Eyebrows are often raised when pop culture phenomena, be they musicians or TV series, attract critical scrutiny. People may scoff at the idea of a group of indulged academics squandering bloated expense budgets on pet pursuits. But in the coffee breaks as we exchanged email addresses, it was clear how many had crossed the globe at their own expense.

As an undergraduate student back in the 1980s, I made the controversial decision to do my dissertation on the pop star Prince.

While my classmates pondered pressing questions of political economy, media ethics and regulation, I burnt the midnight oil wearing out VHS tapes of Purple Rain. A part-time MA and PhD on the star followed, done in the evenings and weekends while juggling work and toddlers.

Prince offered me a lifeline

Why put myself through this? Because as a young working class female growing up in a depressed northern town, Prince offered a lifeline; the inspiration to crash through any barriers.
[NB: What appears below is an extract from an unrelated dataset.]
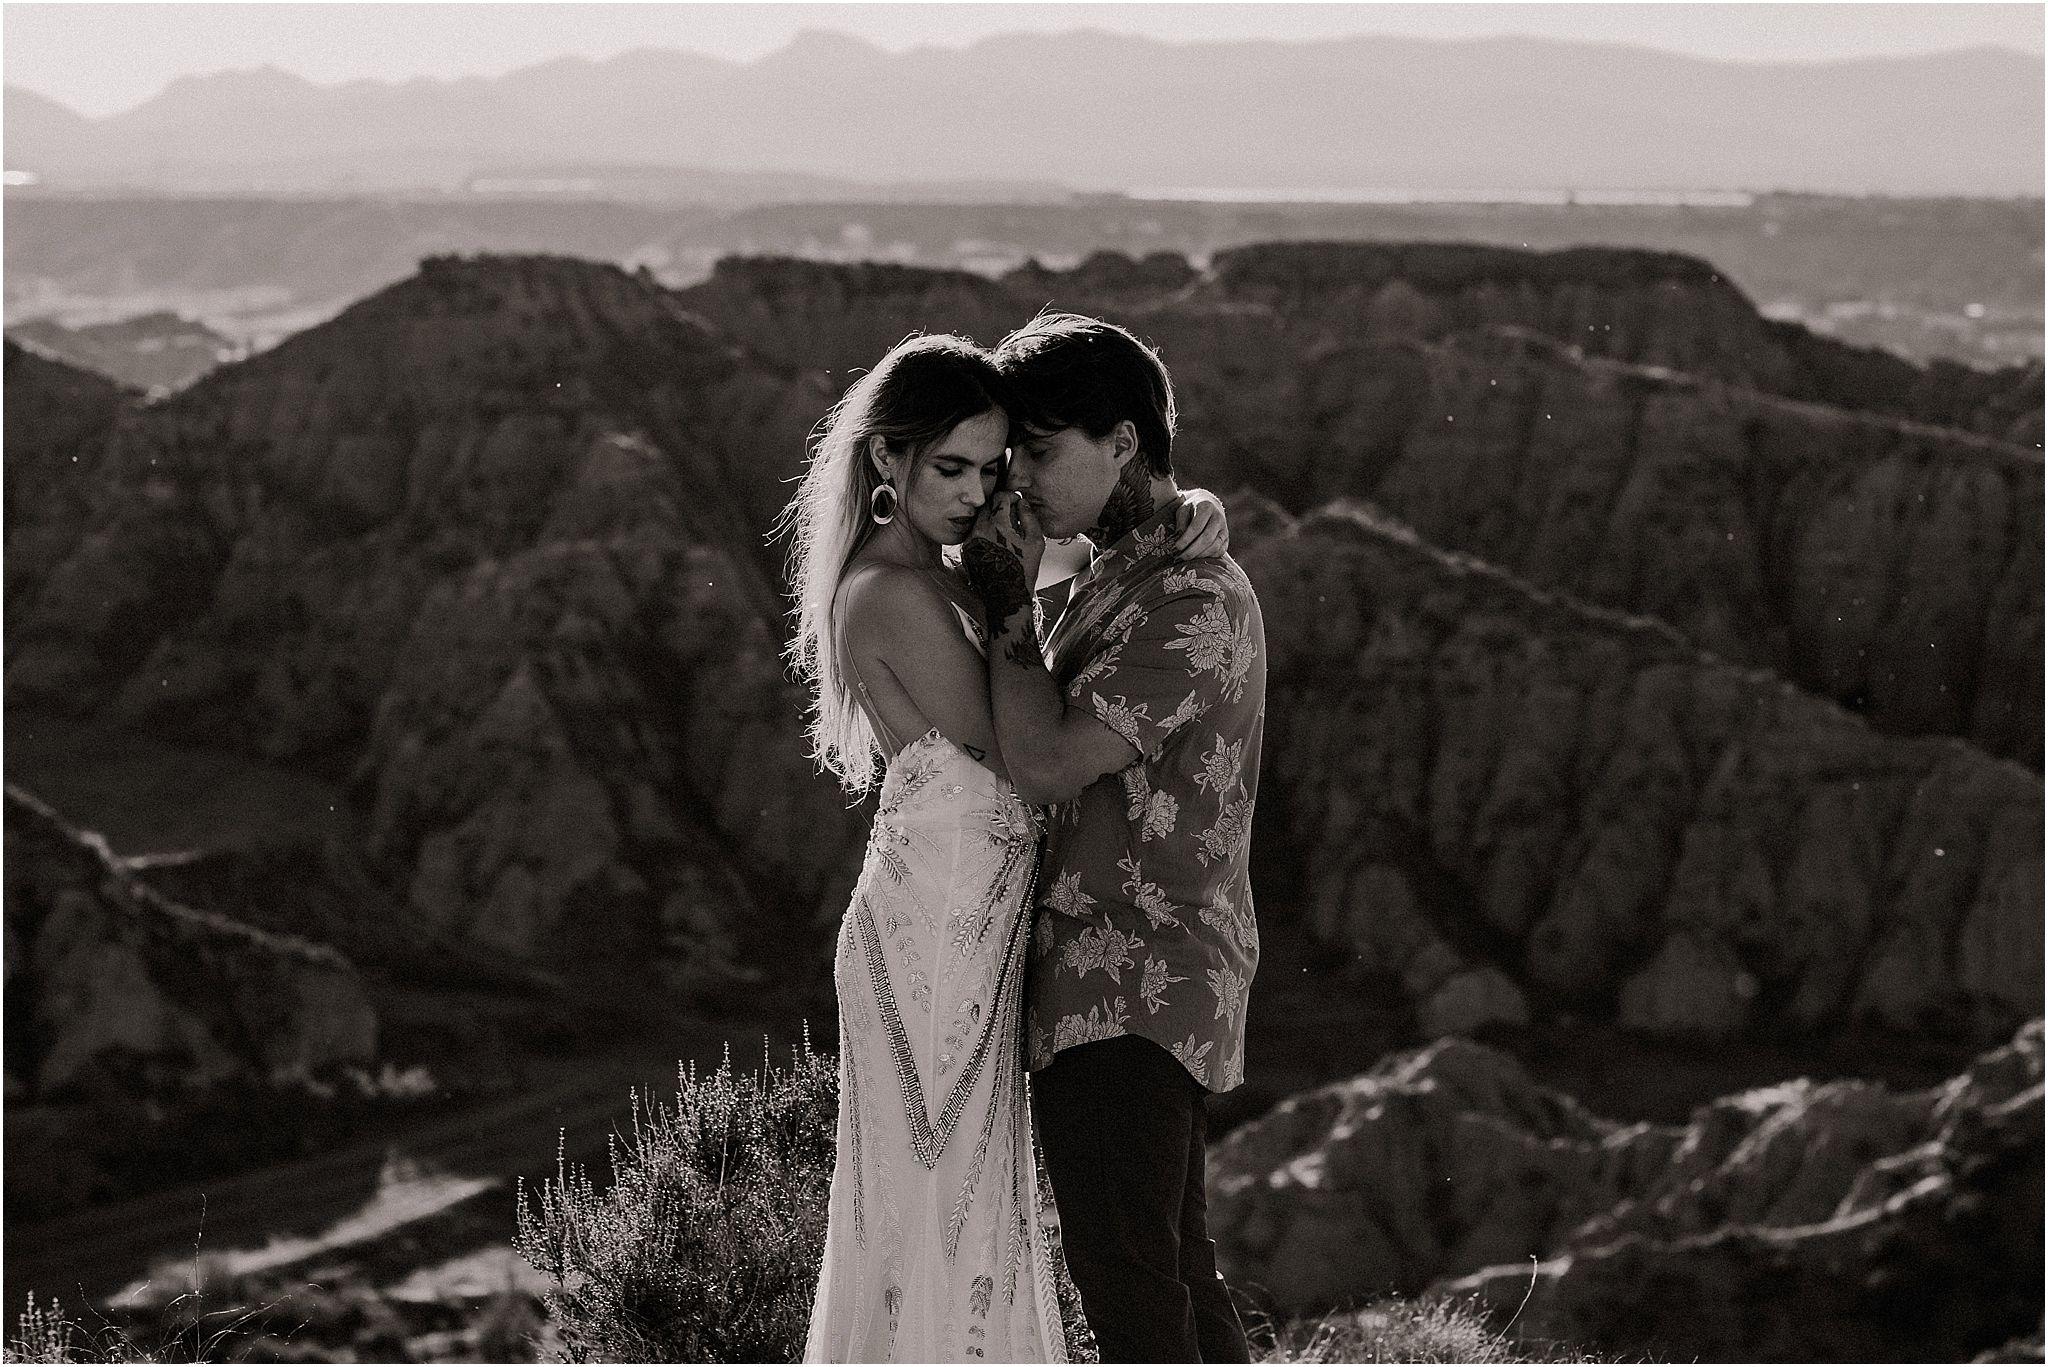 Indie wedding in Spain 11.jpg

His own inauspicious and troubled background is a masterclass in overcoming racism, trauma and bullying over his height to achieve success. 
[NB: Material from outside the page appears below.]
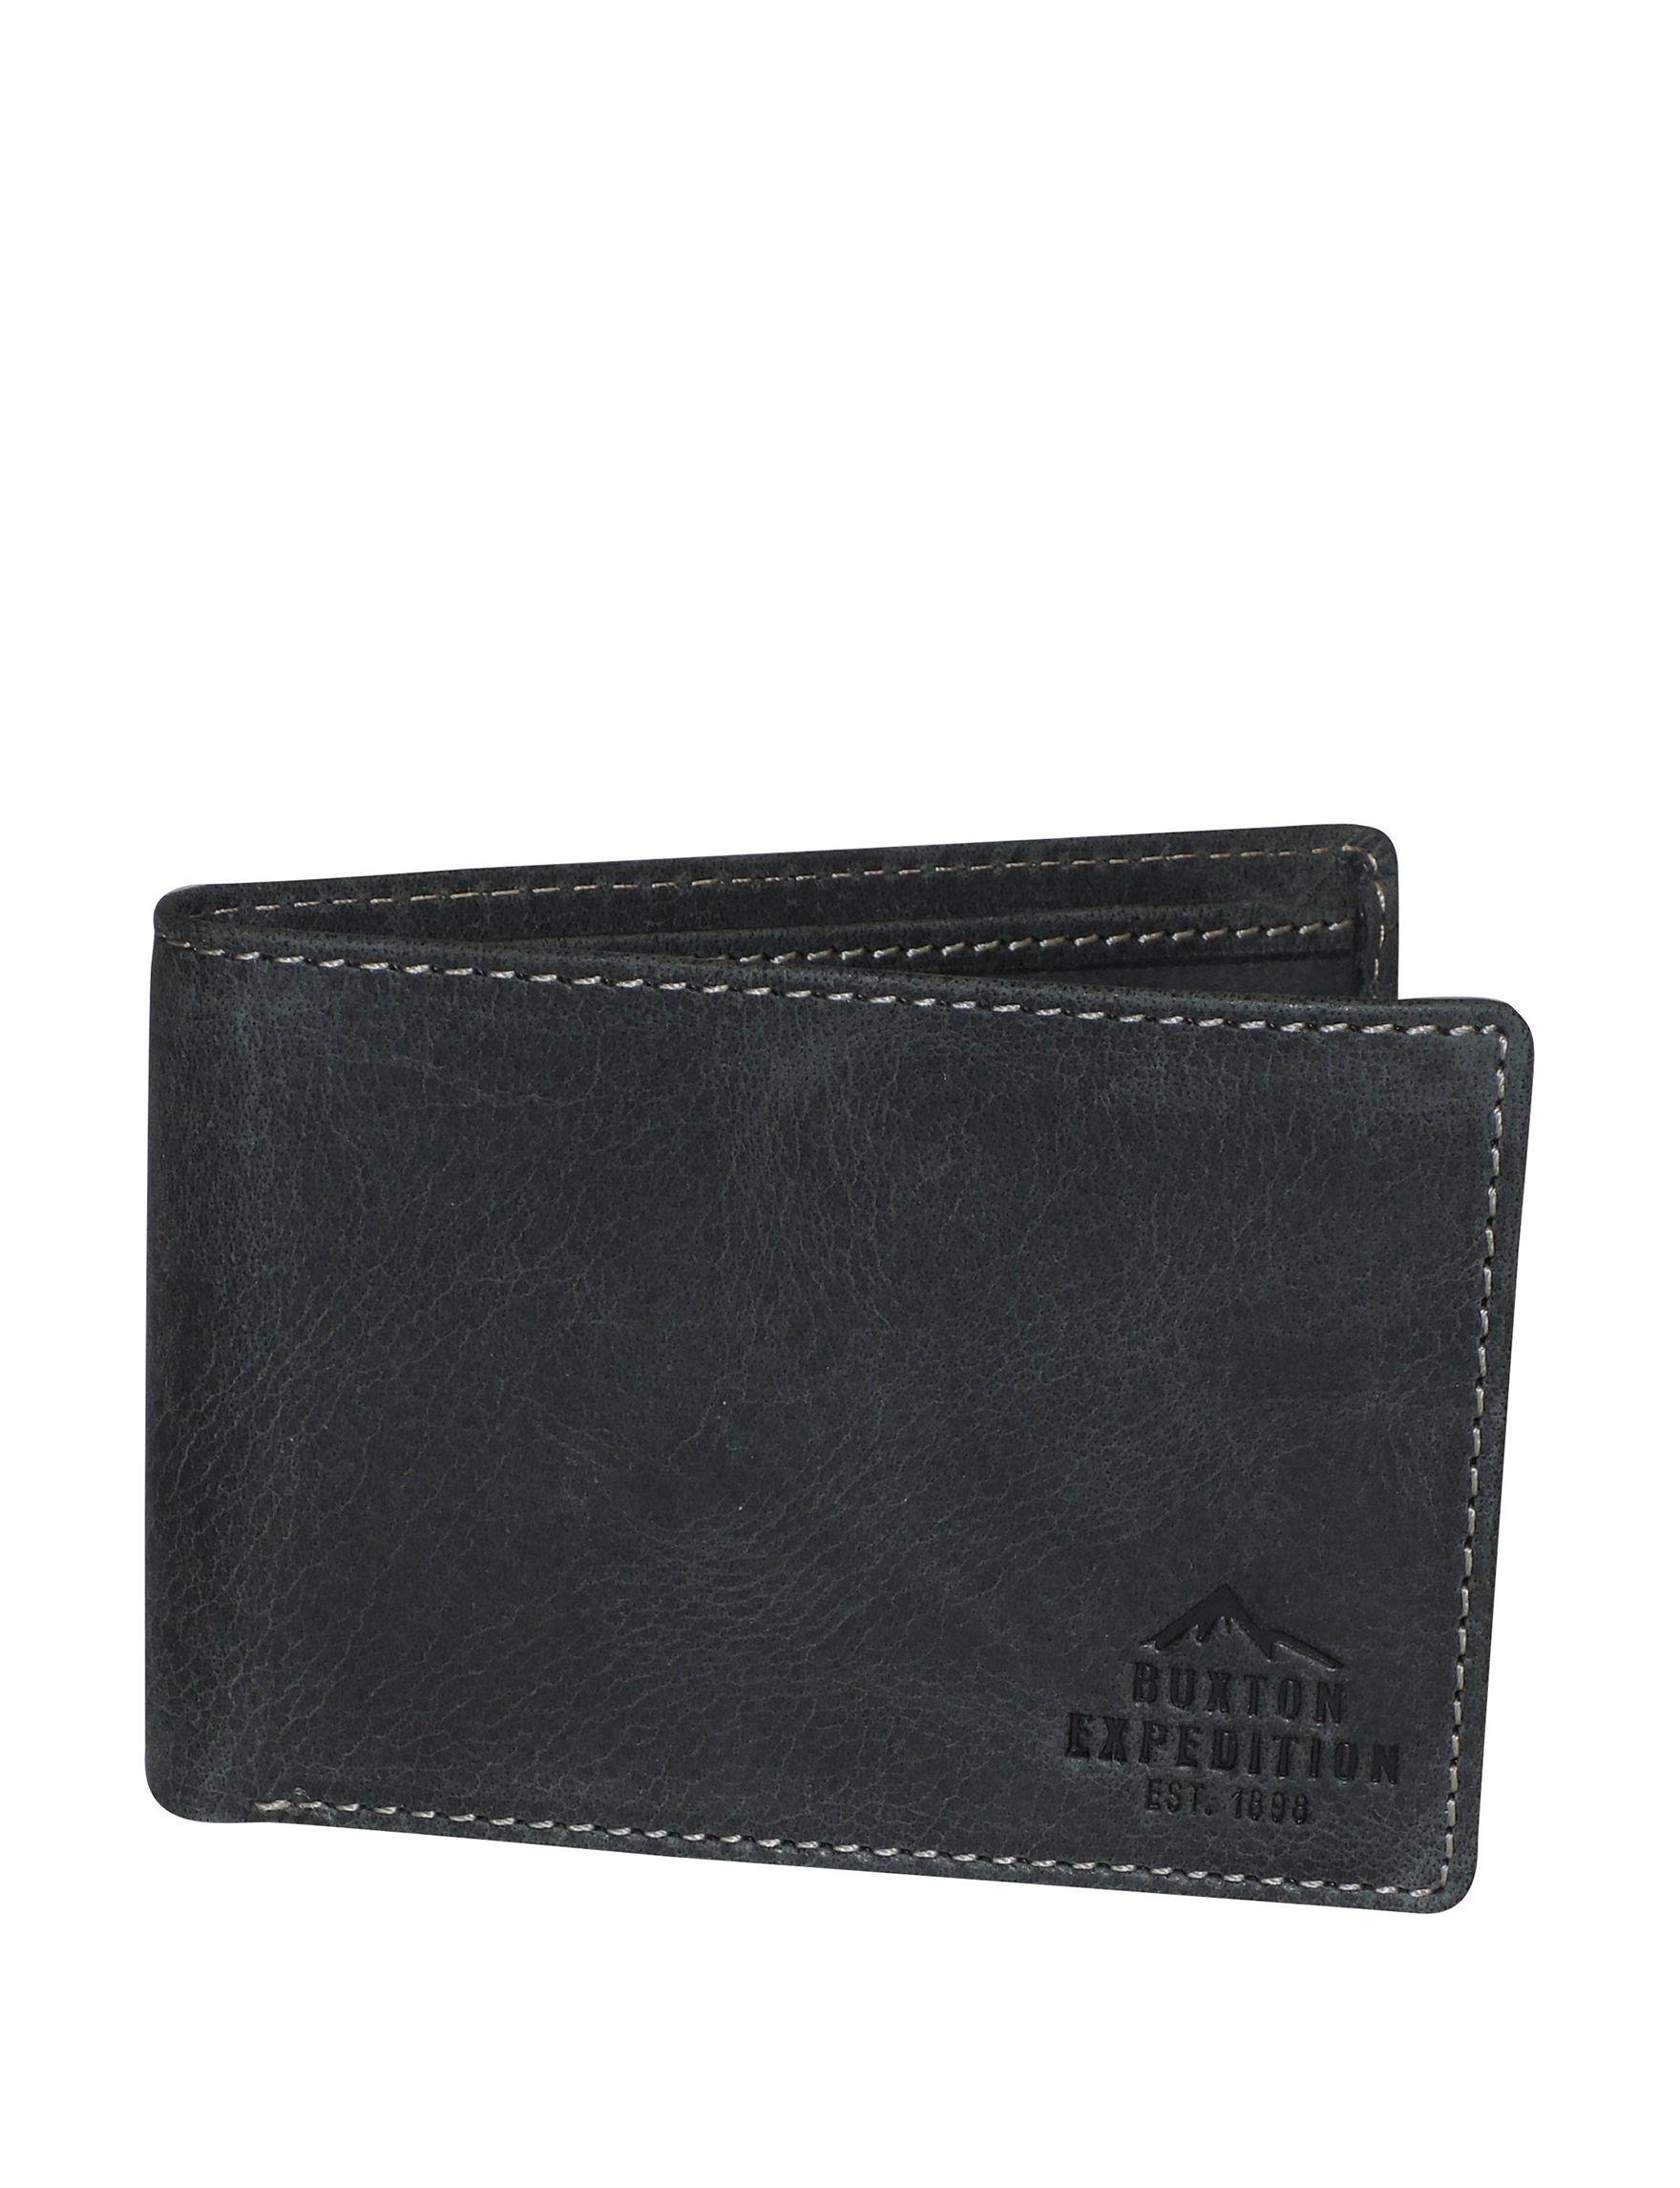 Buxton Black Bi-fold Wallets

I spoke to many others who, like me, struggled to find academic publishers willing to make their scholarship permanent. Yet their work is no less empirically rich, methodologically-sound or relevant than studies of Mozart. Their interrogations spanned musicology, philosophy, psychoanalysis, visual culture, gender, ethnicity and sexuality.

The topics were tangible, not esoteric: His connections with black labour activism and the radical tradition were under the spotlight. His battles with the corporate music megaliths in the 1990s, which he won by dropping his name for an unpronounceable symbol, provided rich insight into commercial law. It wasn’t sycophantic hero-worship: serious questions were addressed, especially regarding homosexuality and misogyny.
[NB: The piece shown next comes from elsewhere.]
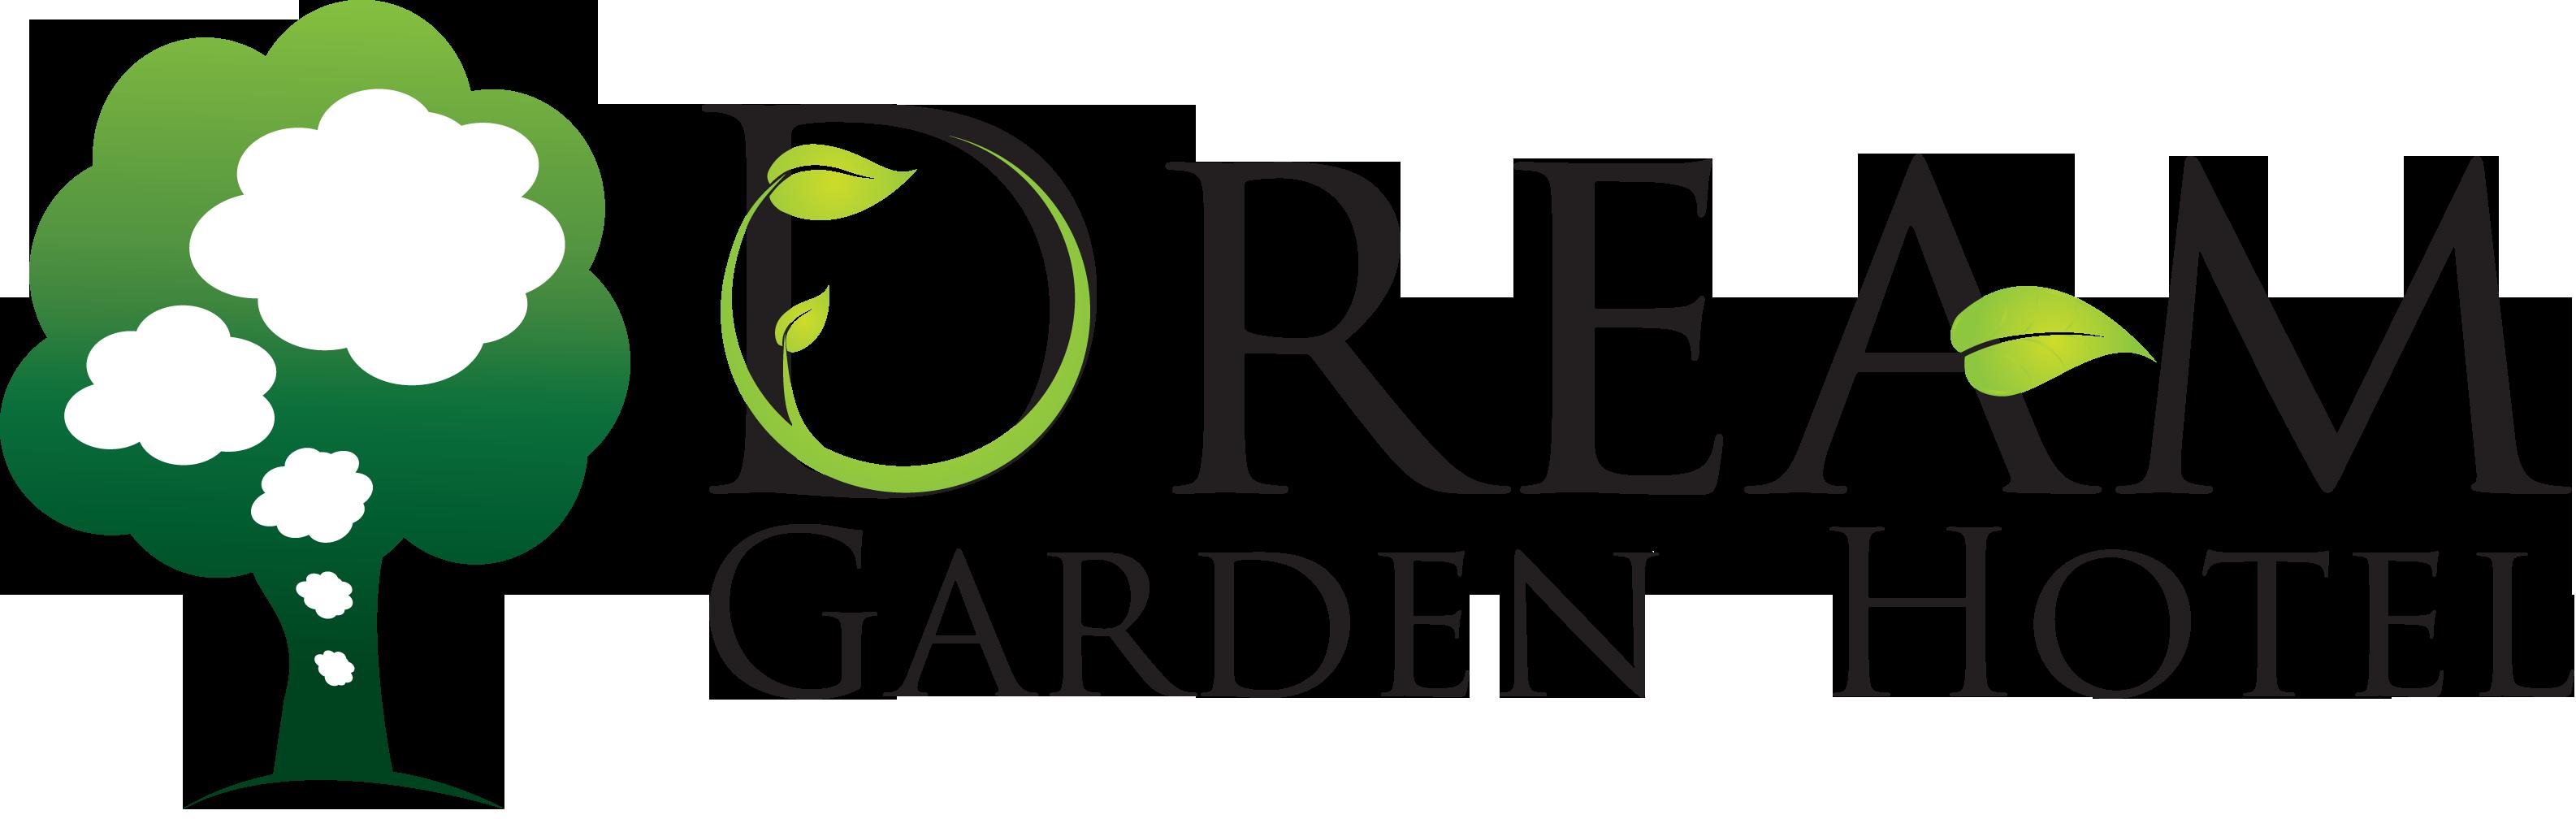 Hotel . Gate clipart dream garden

I was also struck by how diverse and global the delegate list is. Ivy League scholars mingled with fans and rock stars. One man, James, visited from the USA to proffer perspectives from African studies, rather than the privileged white Western discourses that dominate student reading lists here in the UK.

I also met scholars from Russia and Poland: “Imagine listening to Prince under Putin? You cannot begin to image how much we feel personally liberated by his music.”

PhD student Scarlett, accompanied by her super-fan dad, spoke personally about how Prince taught men to value women as equals and helped her father know how to equip her with life skills as a young teenager.

No 'easy options'

The ubiquity and popularity of stars such as Bowie, Beyoncé and Kanye can tell us much about everything from death to digital technology.

But the biggest value of these gatherings is the way they challenge the status quo of academic ‘value’. To dismiss pop culture phenomena as less worthy or ‘important’ is to totally miss the fact that higher education is meant to be more inclusive than ever.

Indeed, an oversubscribed black feminist course on the politics of Beyoncé was cancelled at Rutgers University in the US because it was so popular it threatened other modules.

Yet this was no ‘easy option’ – it centred on the complex theories of Foucault and Deleuze, although, unlike some courses, it made those critical studies relevant to the lived experiences of the participants, be they black and/or working class.

Interrogating these objects of study exposes outdated, outmoded and elitist academic discourses which exclude a diversity of voices. They serve as a wake-up call to outmoded higher education structures, syllabi and research funding barriers.

As buildings across the city were lit up in the late icon’s signature colour, we held silences in tribute to fellow music fans who lost the lives at Manchester Arena, a venue Prince loved. The music research beat must go on.